[Opening Listed entries section]

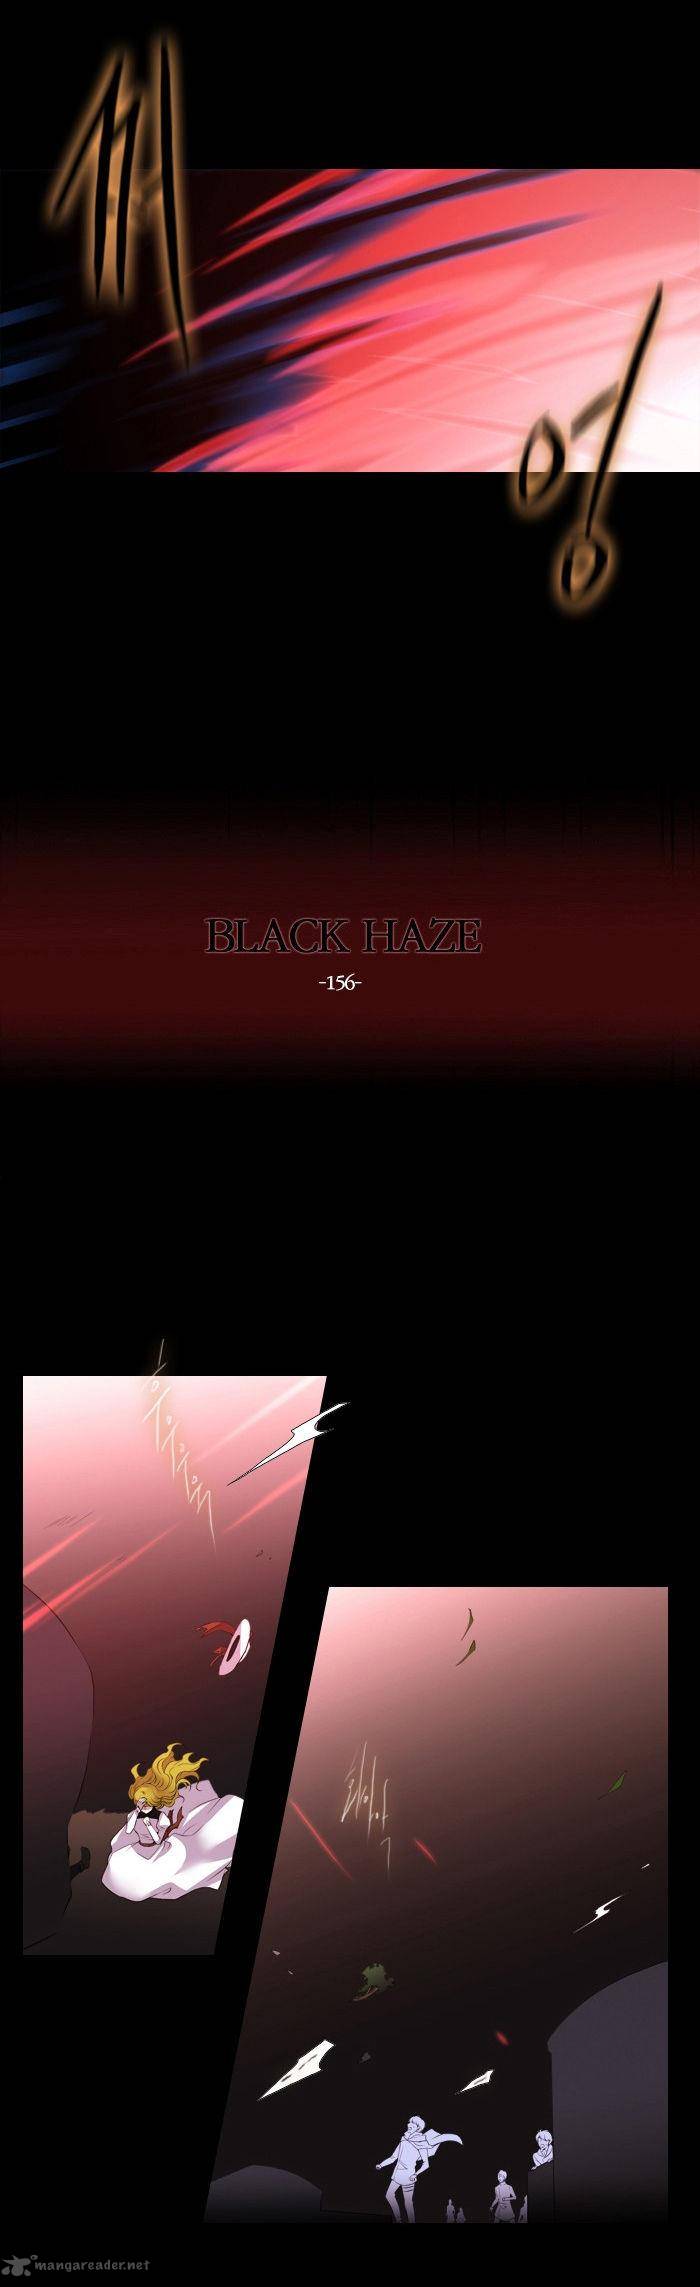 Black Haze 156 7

[Closing Listed entries section]
[Opening Listed entries section]

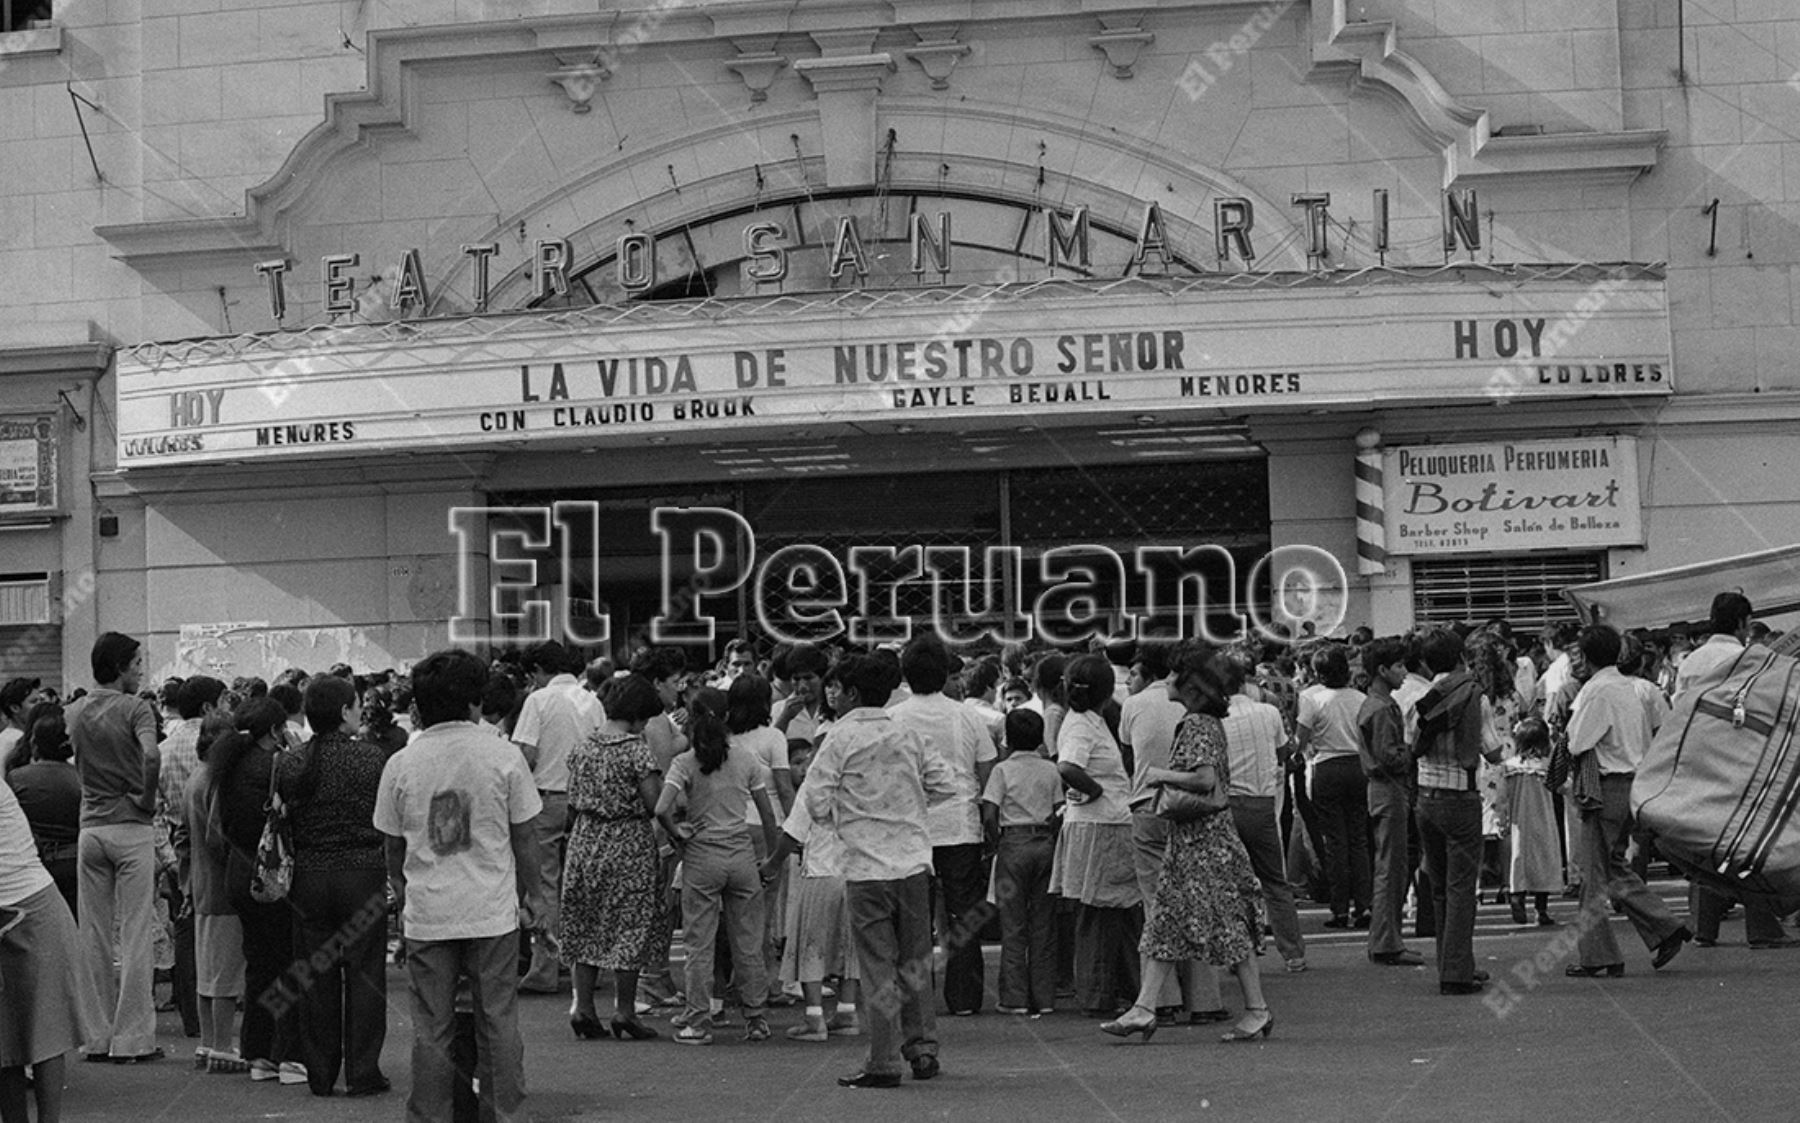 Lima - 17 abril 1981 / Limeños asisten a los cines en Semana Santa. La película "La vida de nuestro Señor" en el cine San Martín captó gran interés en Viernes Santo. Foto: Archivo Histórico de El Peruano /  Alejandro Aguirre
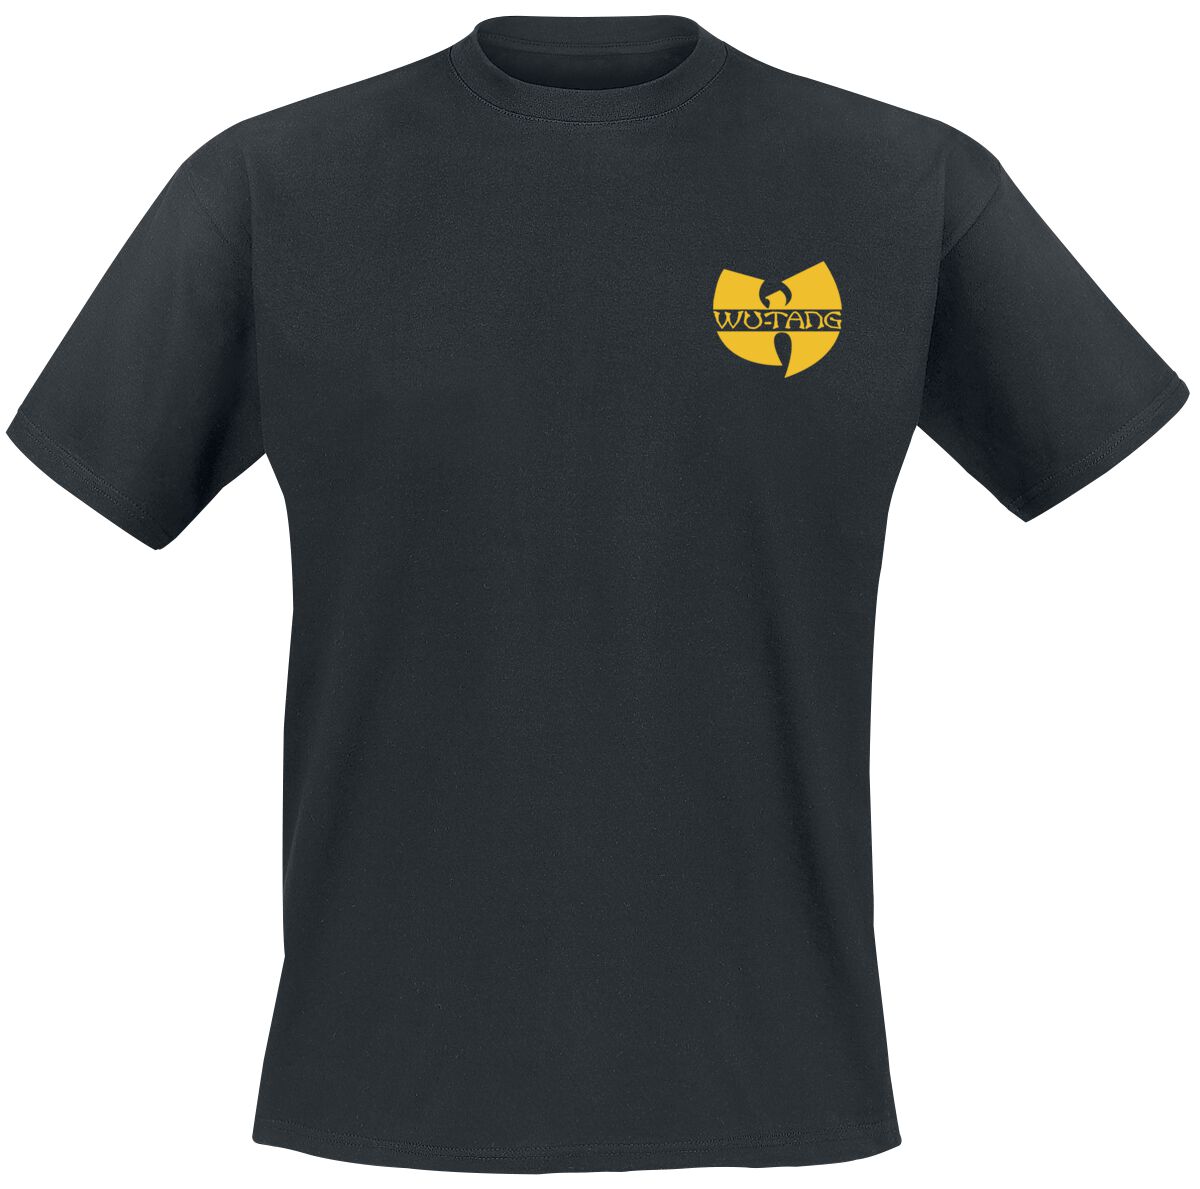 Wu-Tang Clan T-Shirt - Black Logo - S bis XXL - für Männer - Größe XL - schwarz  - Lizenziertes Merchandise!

[Closing Listed entries section]

Work request
Transcribe, word for word, the stretch of lines in the data above from the one with "Lima - 17 abril" through the one with "Wu-Tang Clan T-Shirt"; omit all pictures.

Answer to this problem
 Lima - 17 abril 1981 / Limeños asisten a los cines en Semana Santa. La película "La vida de nuestro Señor" en el cine San Martín captó gran interés en Viernes Santo. Foto: Archivo Histórico de El Peruano /  Alejandro Aguirre
 Wu-Tang Clan T-Shirt - Black Logo - S bis XXL - für Männer - Größe XL - schwarz  - Lizenziertes Merchandise!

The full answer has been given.